_Problem details_:
What is needed is an exact copy of the records below, without the pictures.

(Data in this exercise)

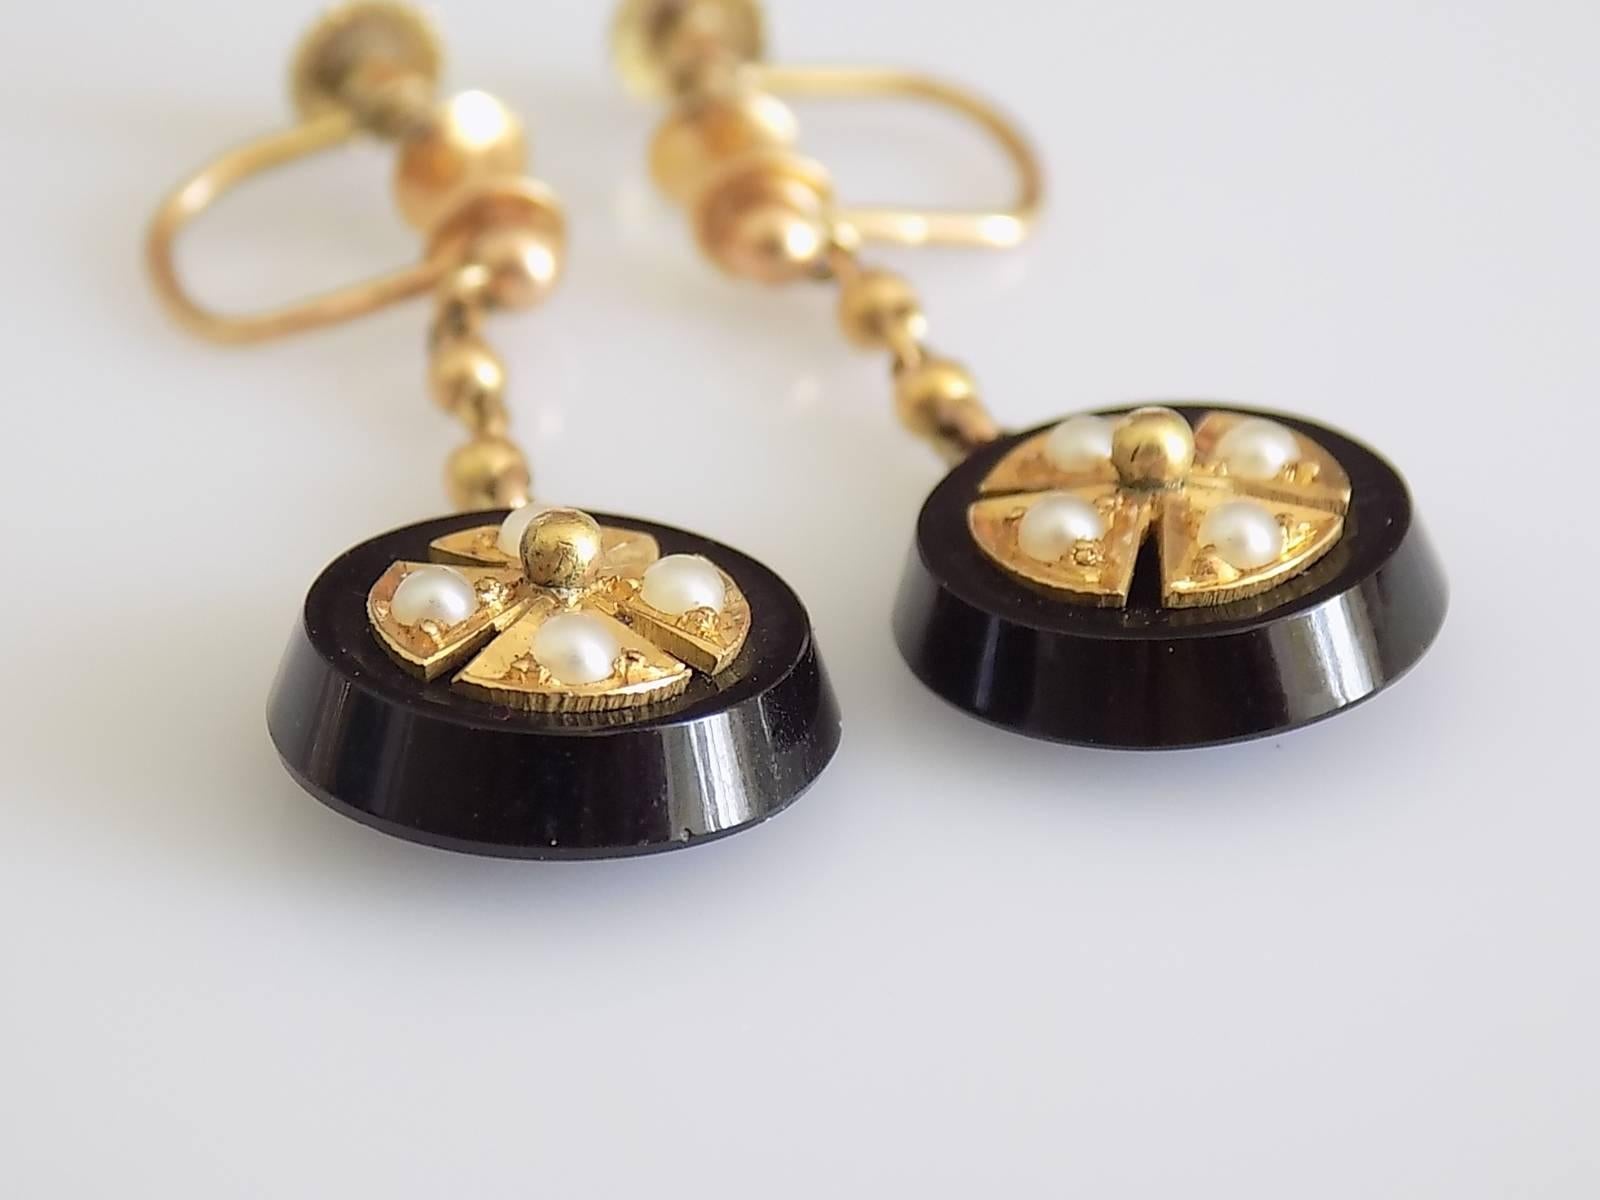 An Antique Victorian era 18 Carat Yellow Gold, Black Onyx and split Natural Seed Pearl Maltese cross Mourning drop earrings. Earrings complete with a working screw backs for unpierced ears.
Total drop 29mm, Width 13mm.
Weight 4.6gr.
Unmarked, tested
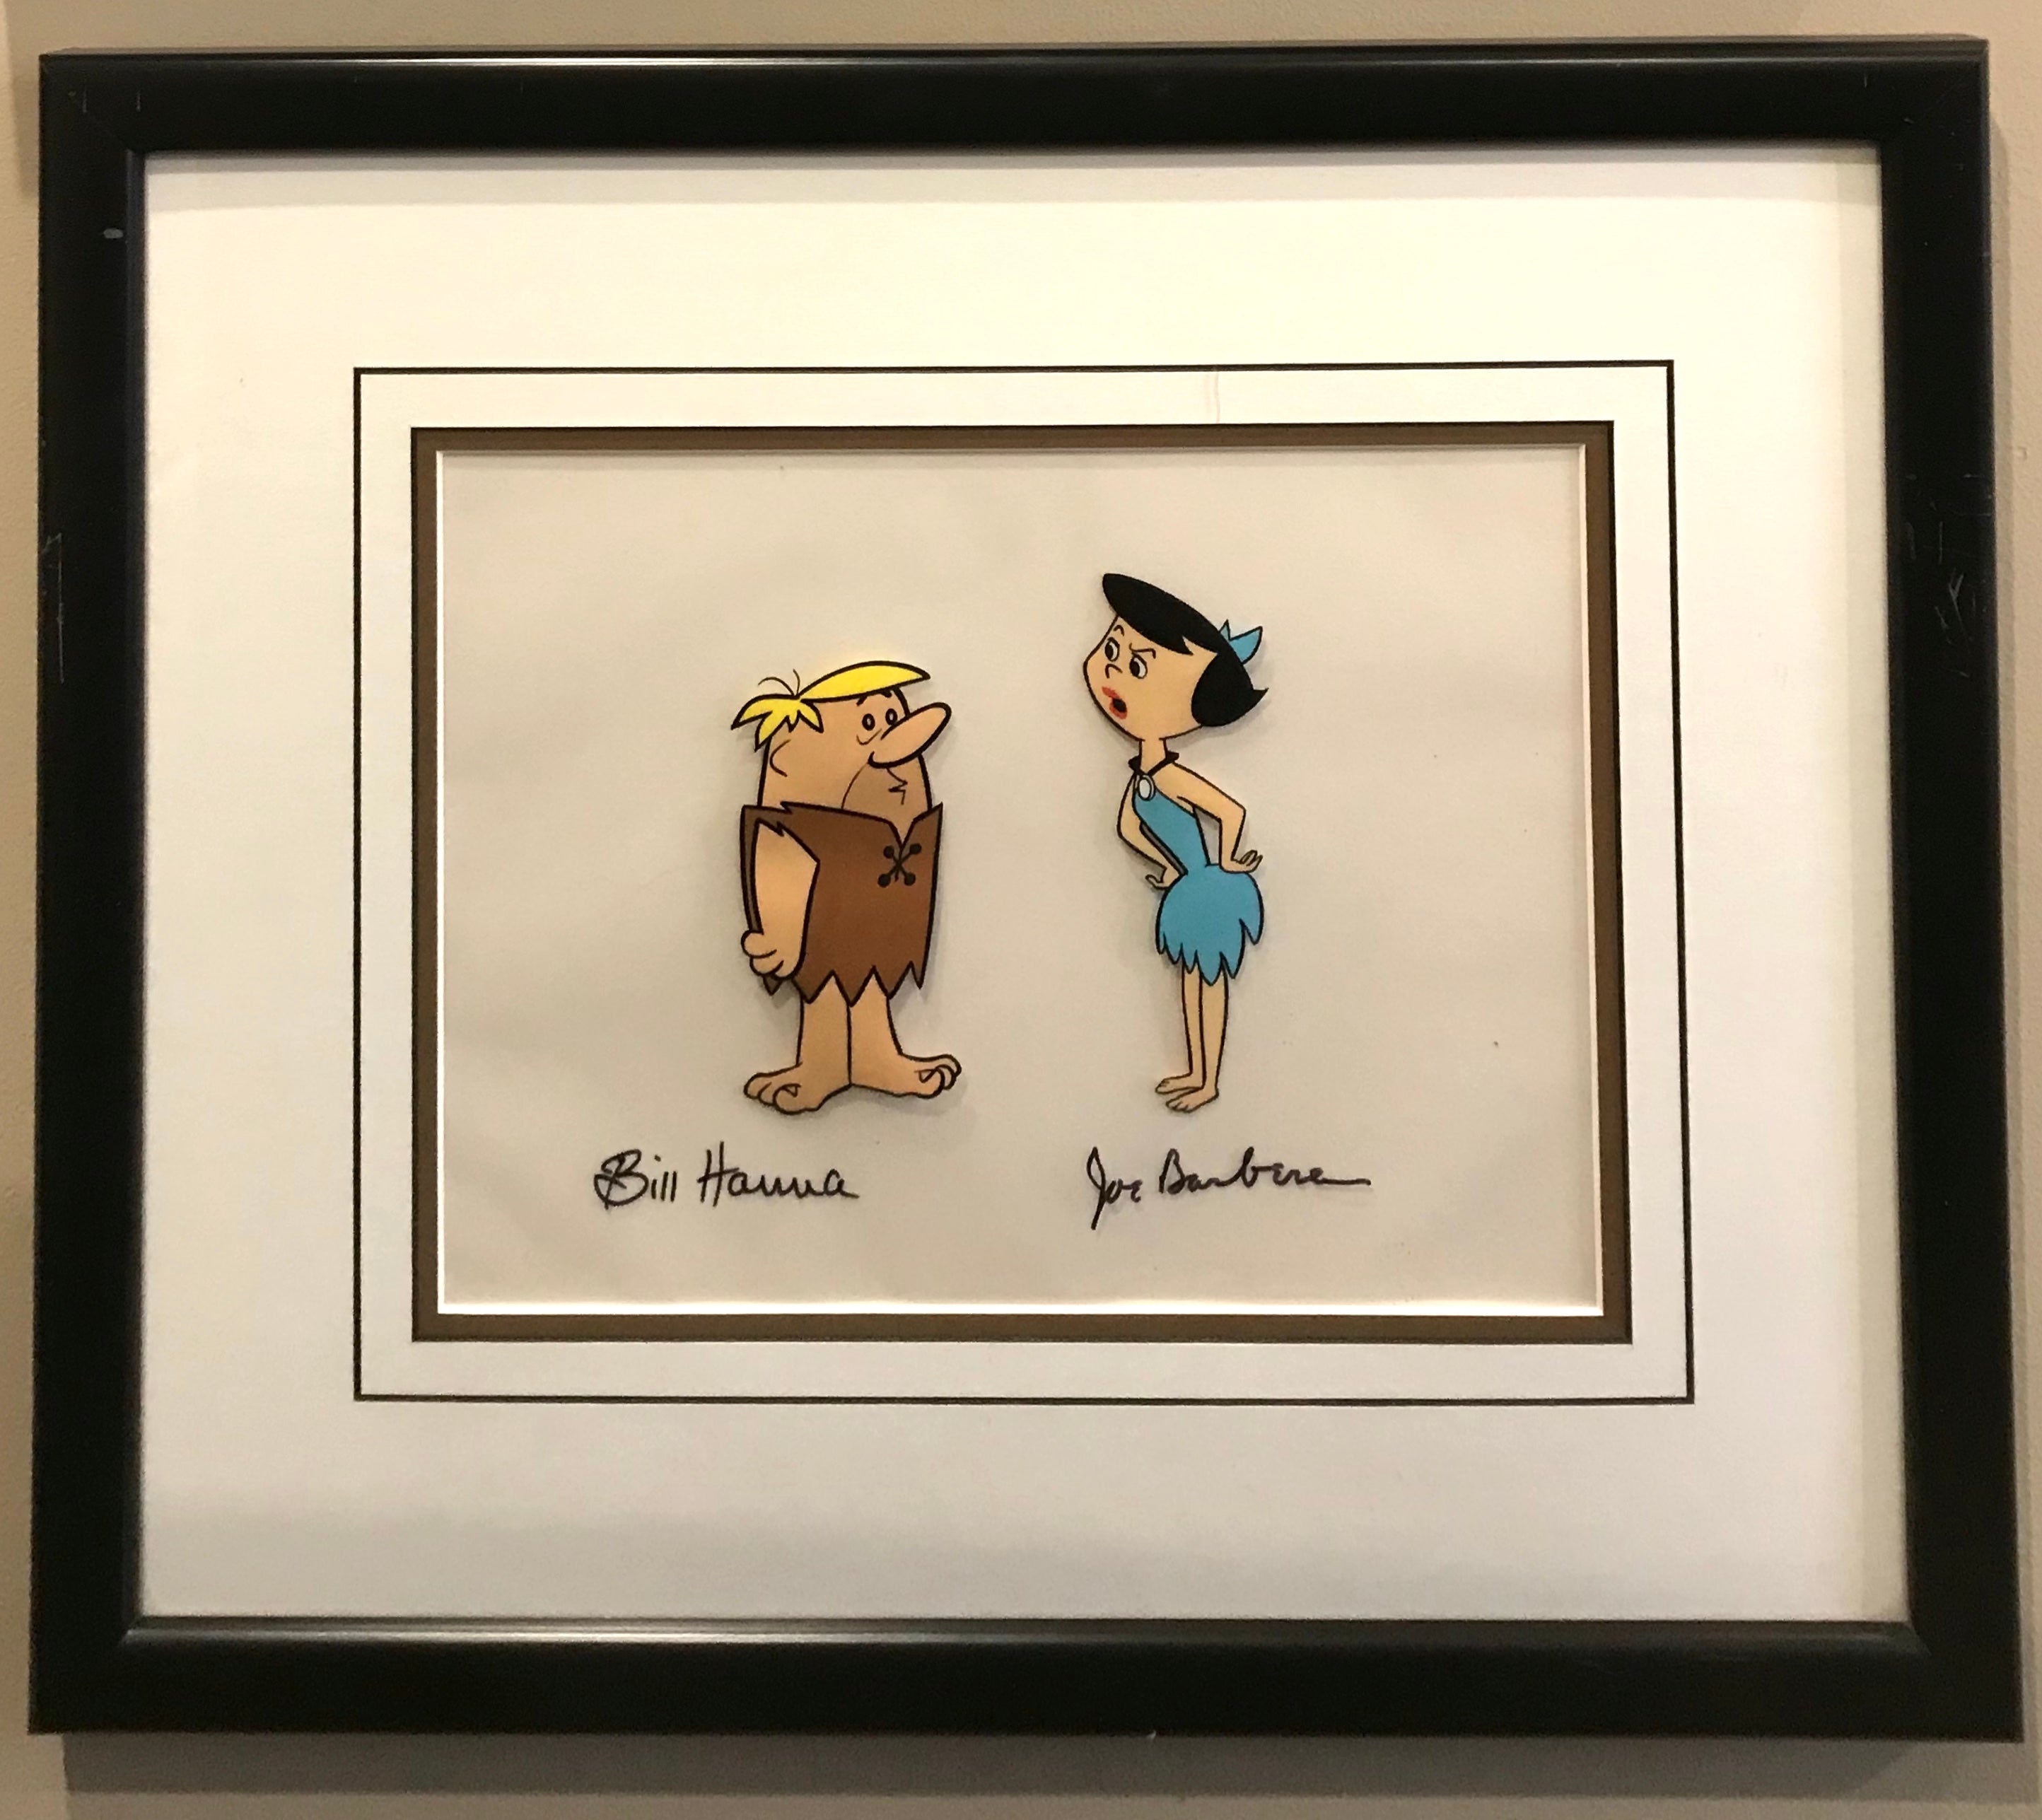 Hanna Barbera Production Cel From The Flintstones Social Climbers Featuring Barney Rubble And 9317
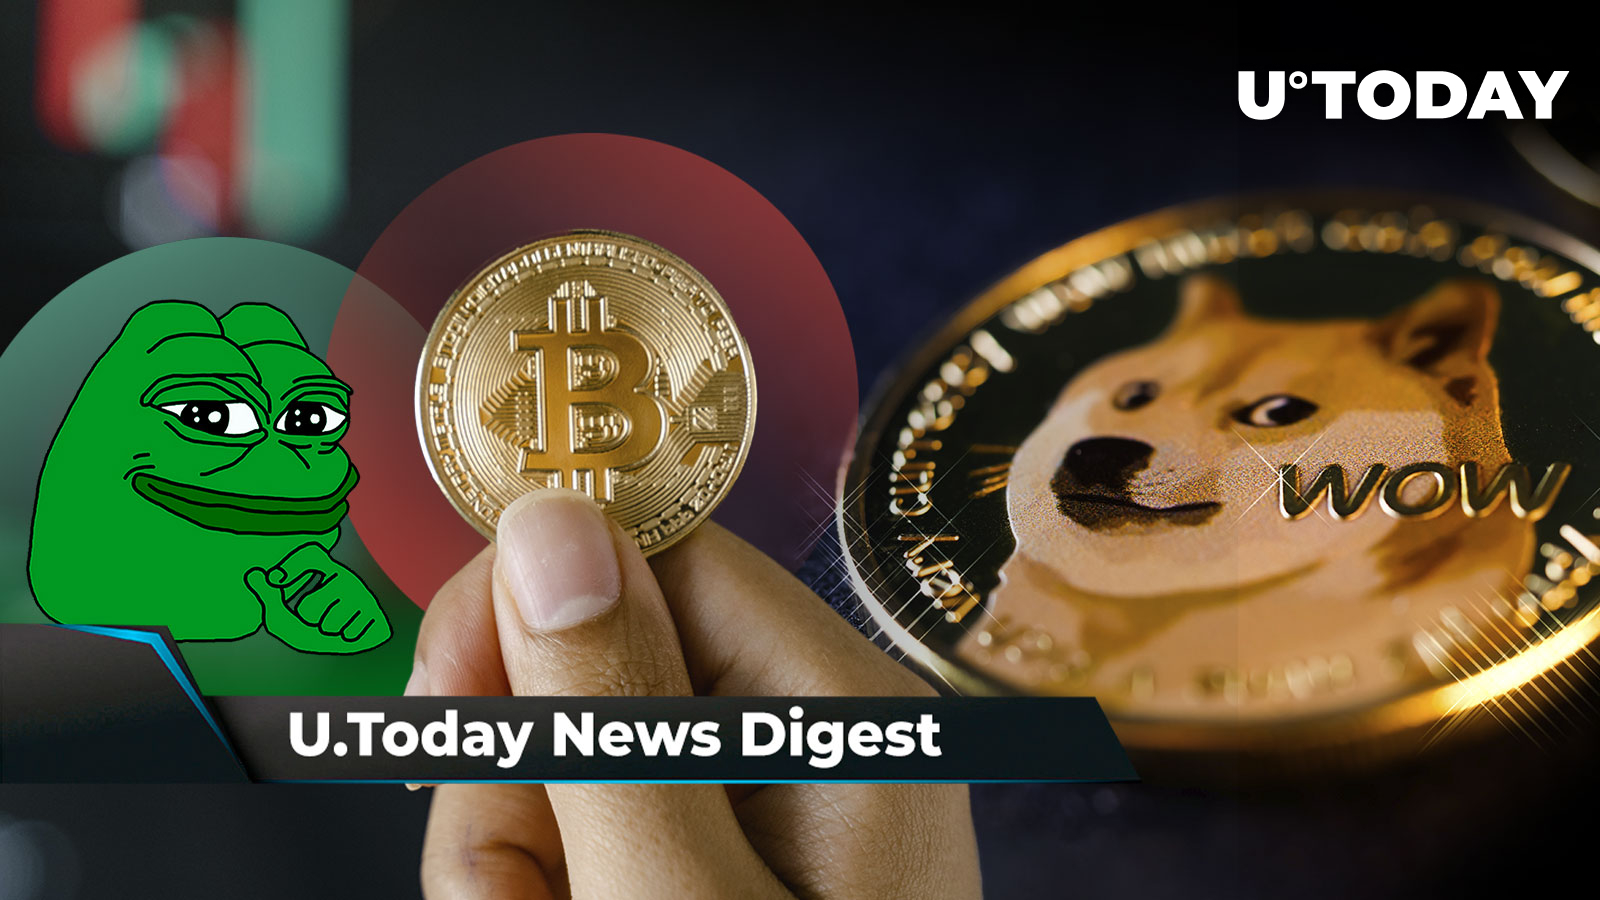 pepe-may-signal-trouble-for-btc-here-s-most-popular-answer-to-wen-shibarium-doge-sees-massive-spike-in-network-activity-crypto-news-digest-by-u-today

(End Data in this exercise)

_Completed task_:
 An Antique Victorian era 18 Carat Yellow Gold, Black Onyx and split Natural Seed Pearl Maltese cross Mourning drop earrings. Earrings complete with a working screw backs for unpierced ears.
Total drop 29mm, Width 13mm.
Weight 4.6gr.
Unmarked, tested
 Hanna Barbera Production Cel From The Flintstones Social Climbers Featuring Barney Rubble And 9317
 pepe-may-signal-trouble-for-btc-here-s-most-popular-answer-to-wen-shibarium-doge-sees-massive-spike-in-network-activity-crypto-news-digest-by-u-today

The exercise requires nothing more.